Snowfall from the storm, which began late on Friday and ran through the weekend, averaged 3 to 5 feet (.9 to 1.5 metres)across the Sierras and neighboring mountains, with up to 6 feet (1.8 metres) measured at the highest peaks, meteorologists said.
The Sacramento Valley received 2 to 4 inches (5 to 10 cm) of rain, with 10 to 16 inches (25 to 40 cm) soaking the foothills and lower elevations of the Sierra.
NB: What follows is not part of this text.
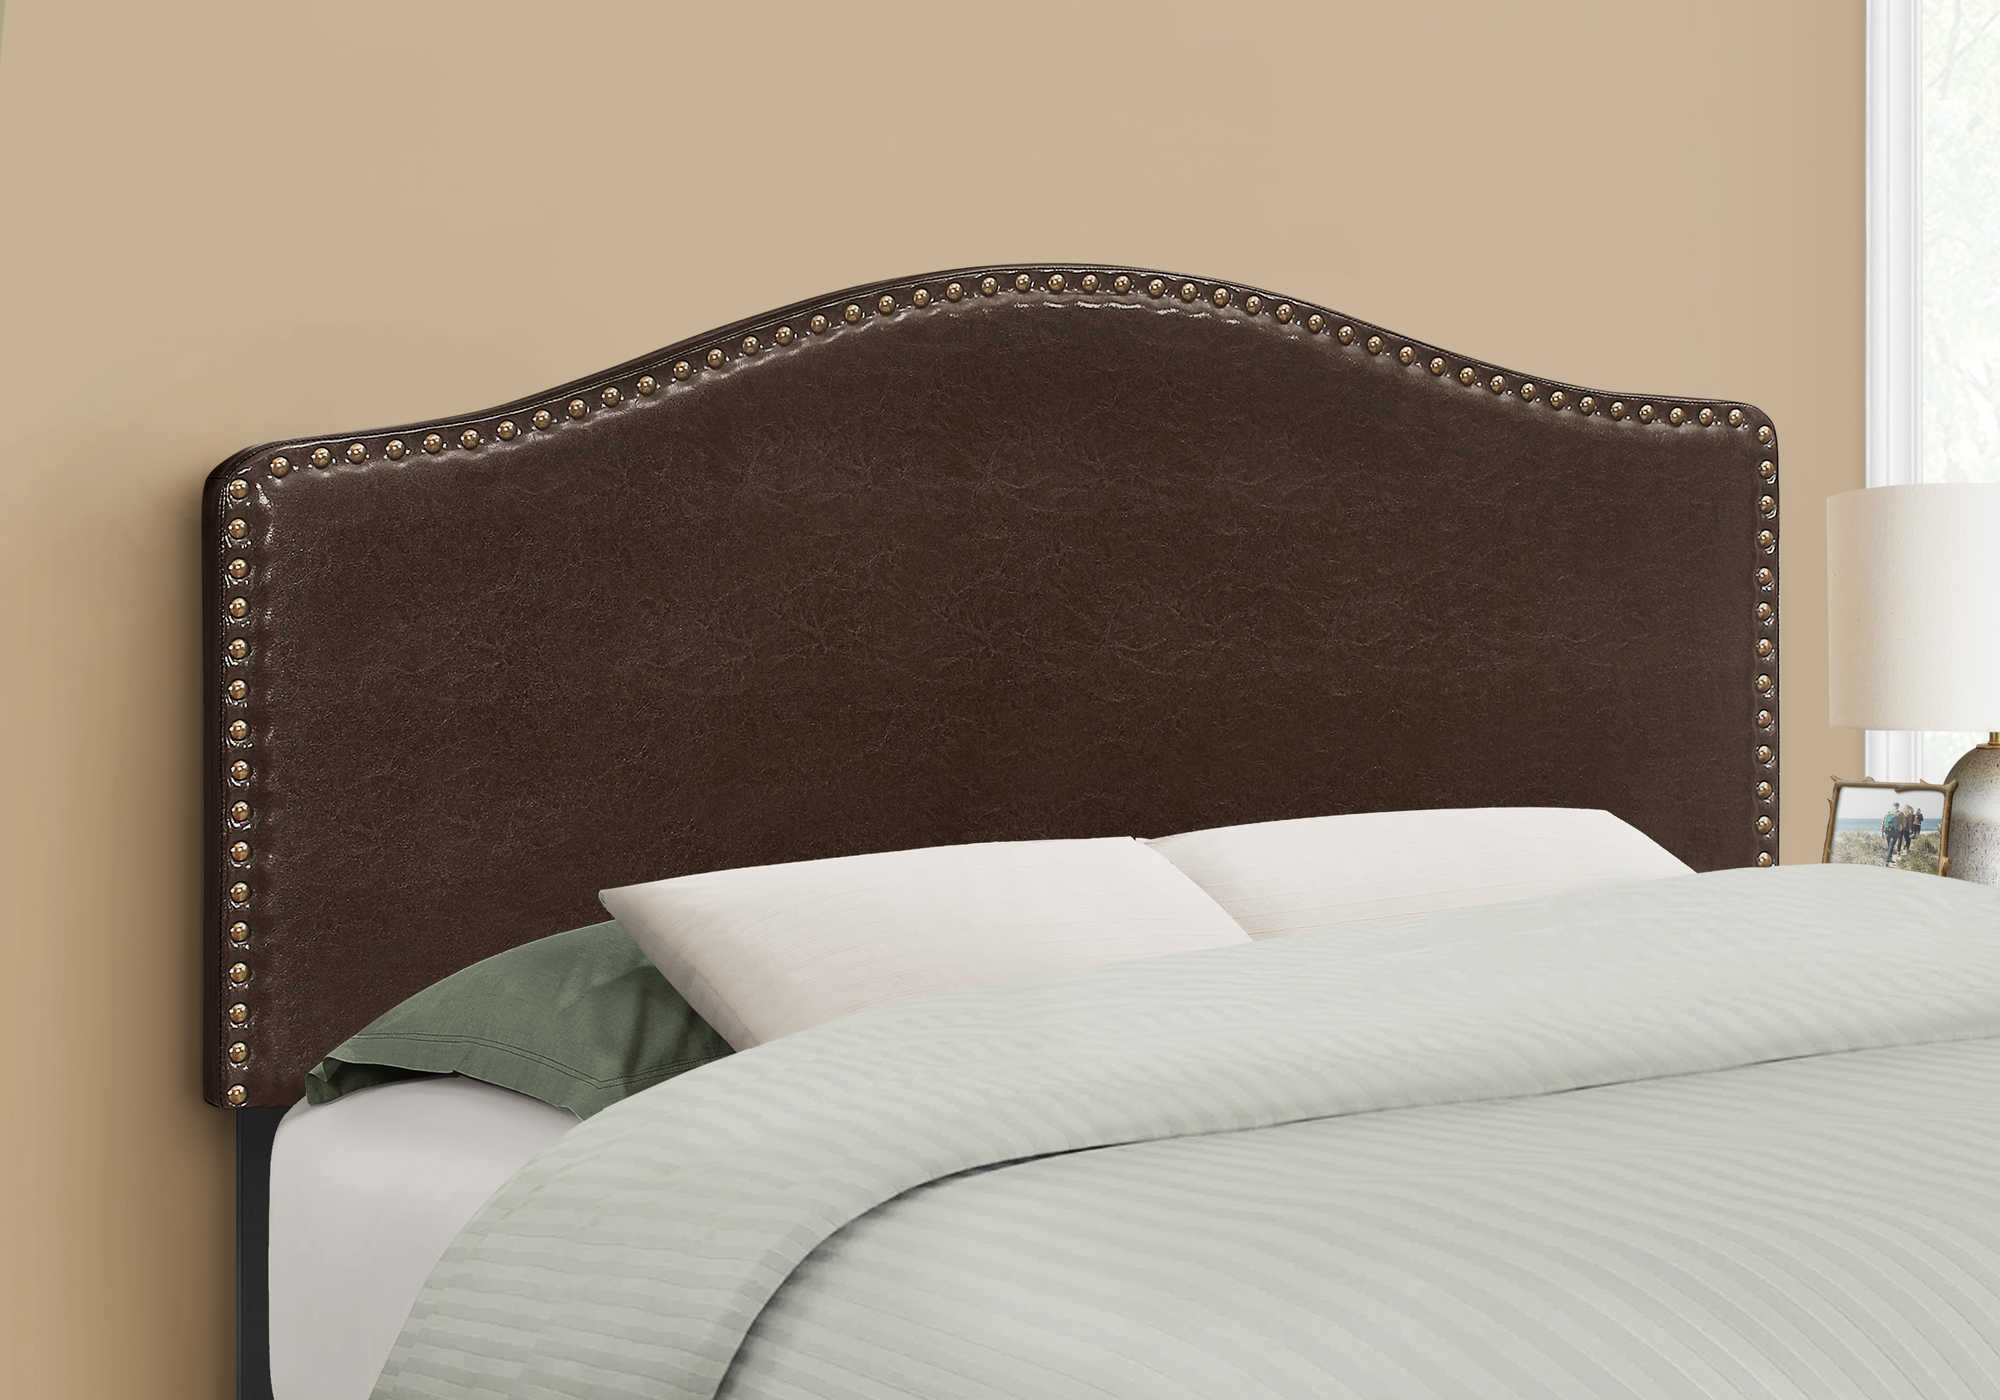 BED - FULL SIZE / BROWN LEATHER-LOOK HEADBOARD ONLY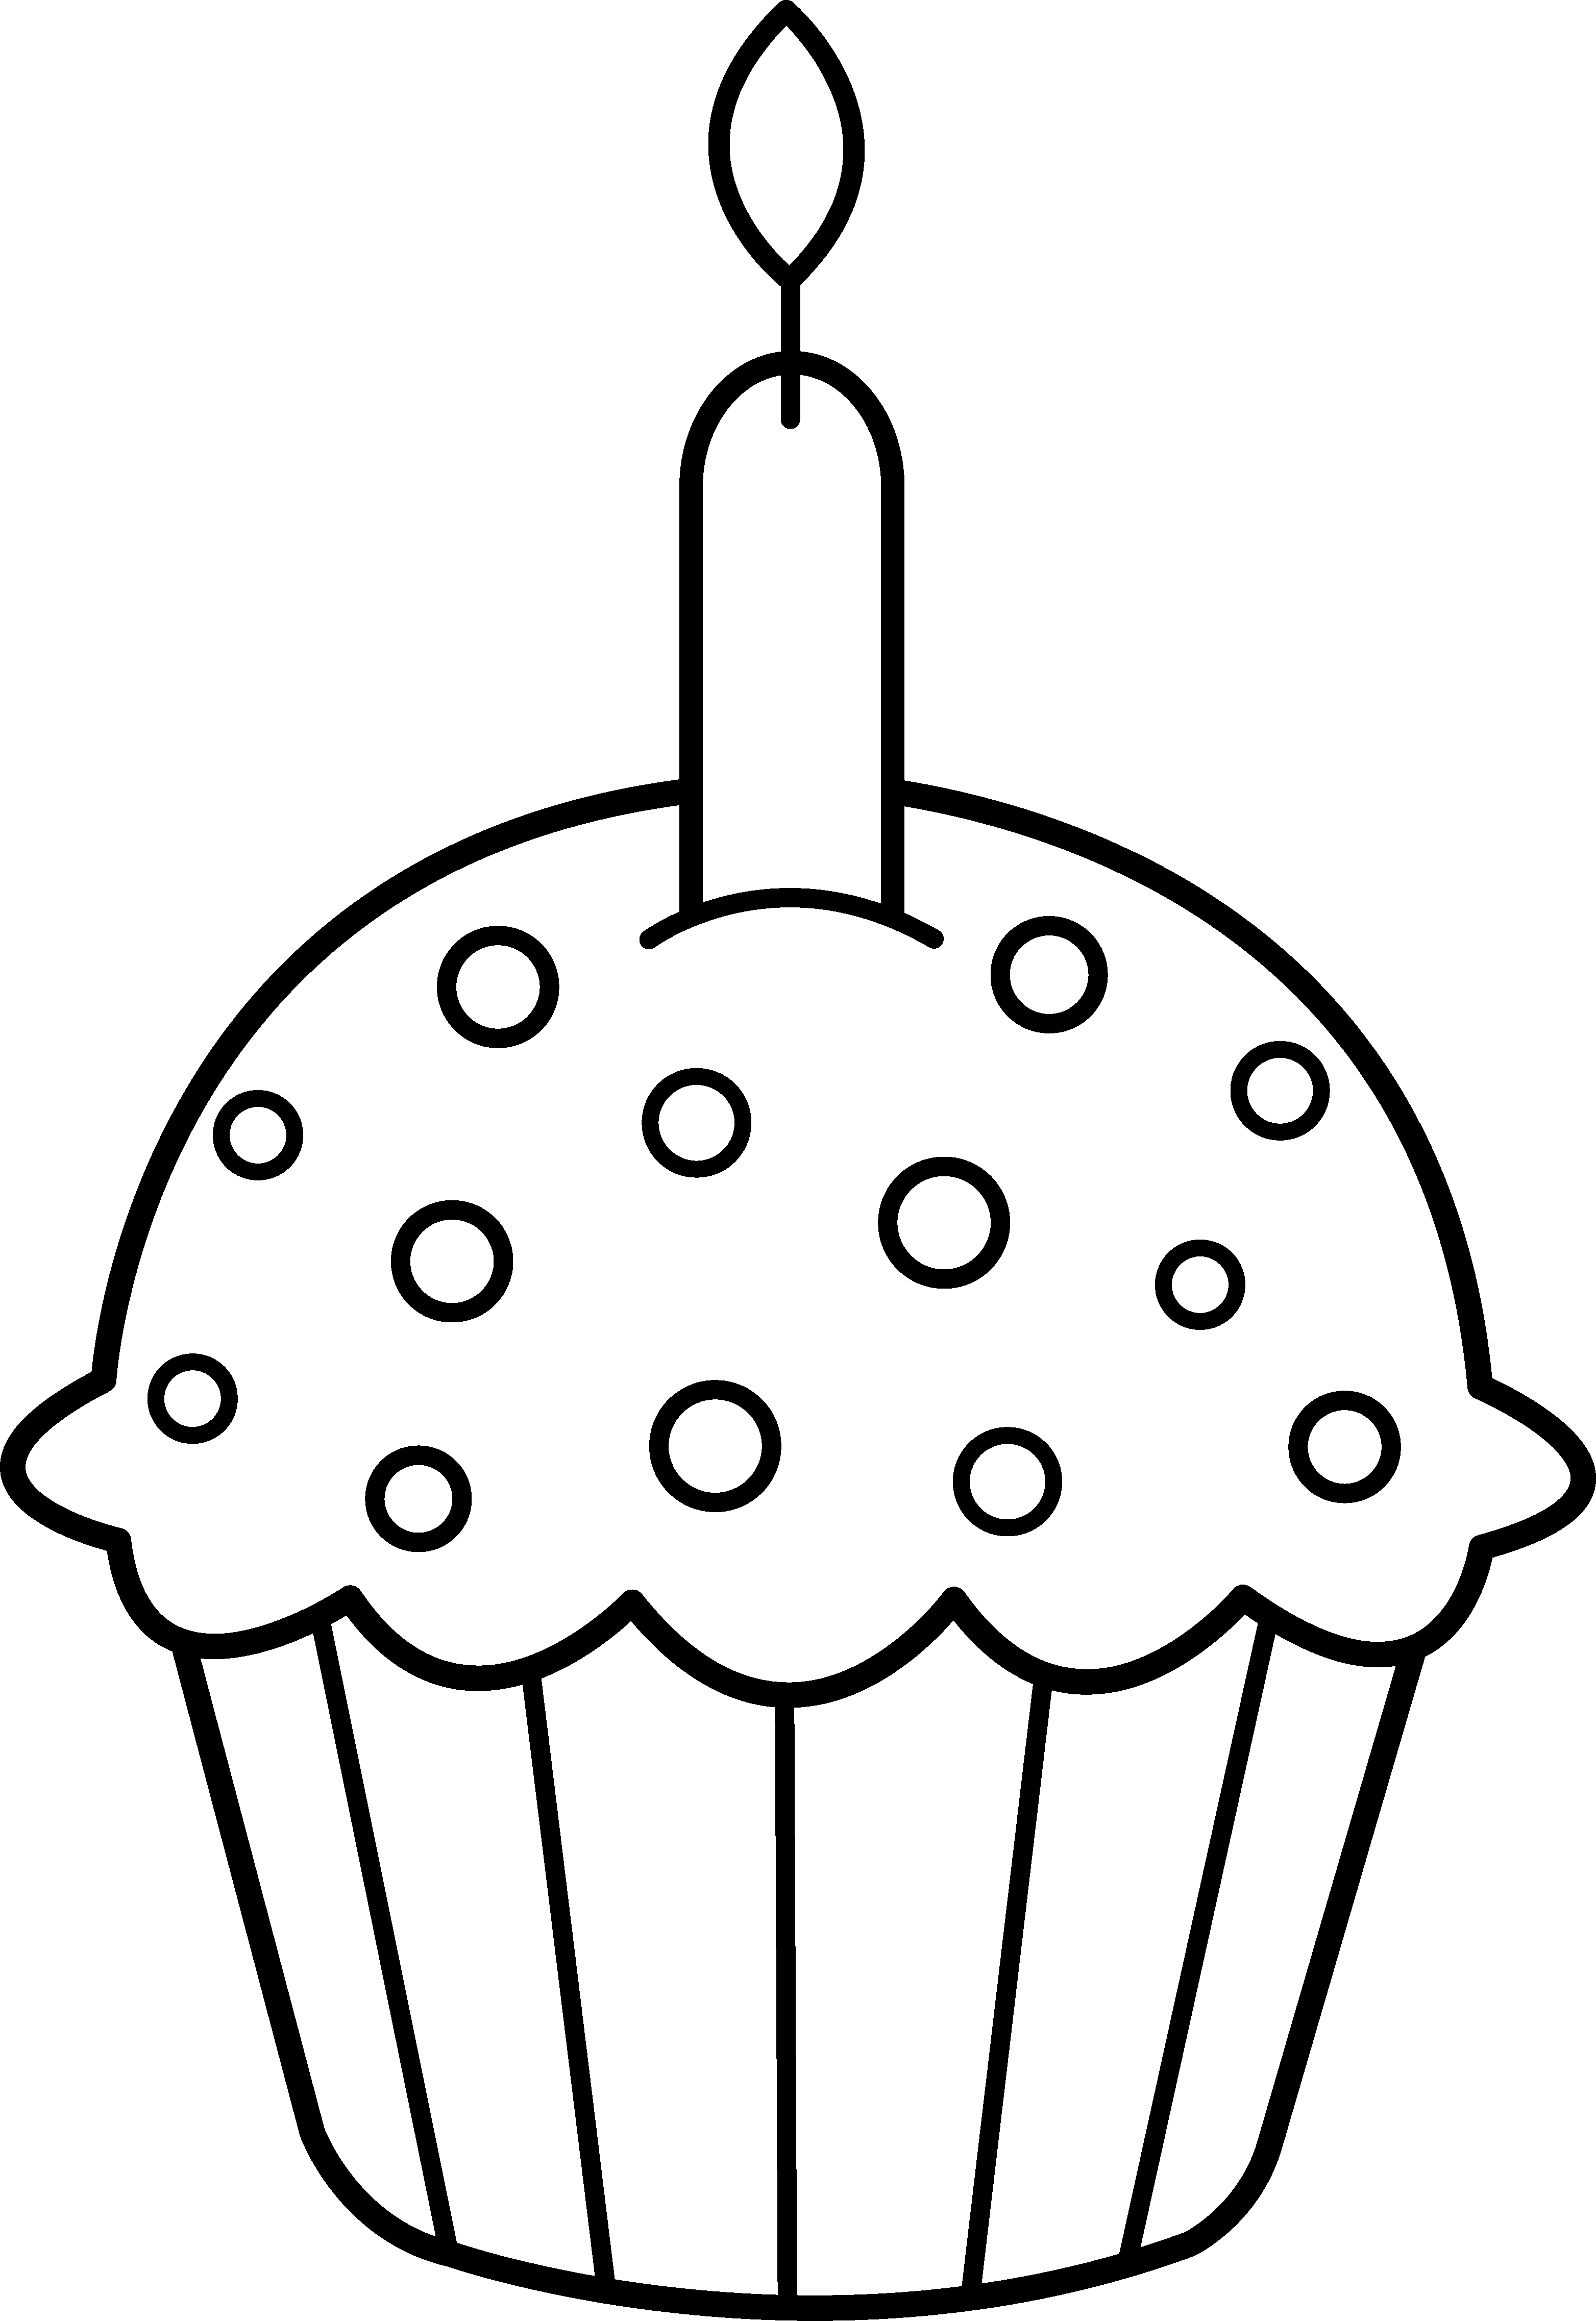 Birthday Cupcake Coloring Page - Free Clip Art

The coastal mountains north of San Francisco got 10 to 12 inches (25 to 30 cm), forecasters said.
Before Friday, any precipitation moving in from the Pacific had been diverted north into Canada by a ridge of high pressure that was parked for more than two months along the U.S. West Coast, meteorologists for the National Weather Service said.
The latest storm, which they described as an "atmospheric river," crashed through the barrier as it was starting to weaken and pushed it to the south in a shift that forecasters believe may pave the way for wetter weather in the short term.
"There's always the possibility of the ridge returning, but the latest model that we can see kind of keeps the ridge relatively weak and not re-establishing itself to the extent that it was through December and January," said Roger Gass, a National Weather Service meteorologist in Monterey.
Eric Kurth, a meteorologist in Sacramento, concurred, saying another Pacific storm expected to sweep the Pacific Northwest by midweek could reach well into northern and central California this weekend.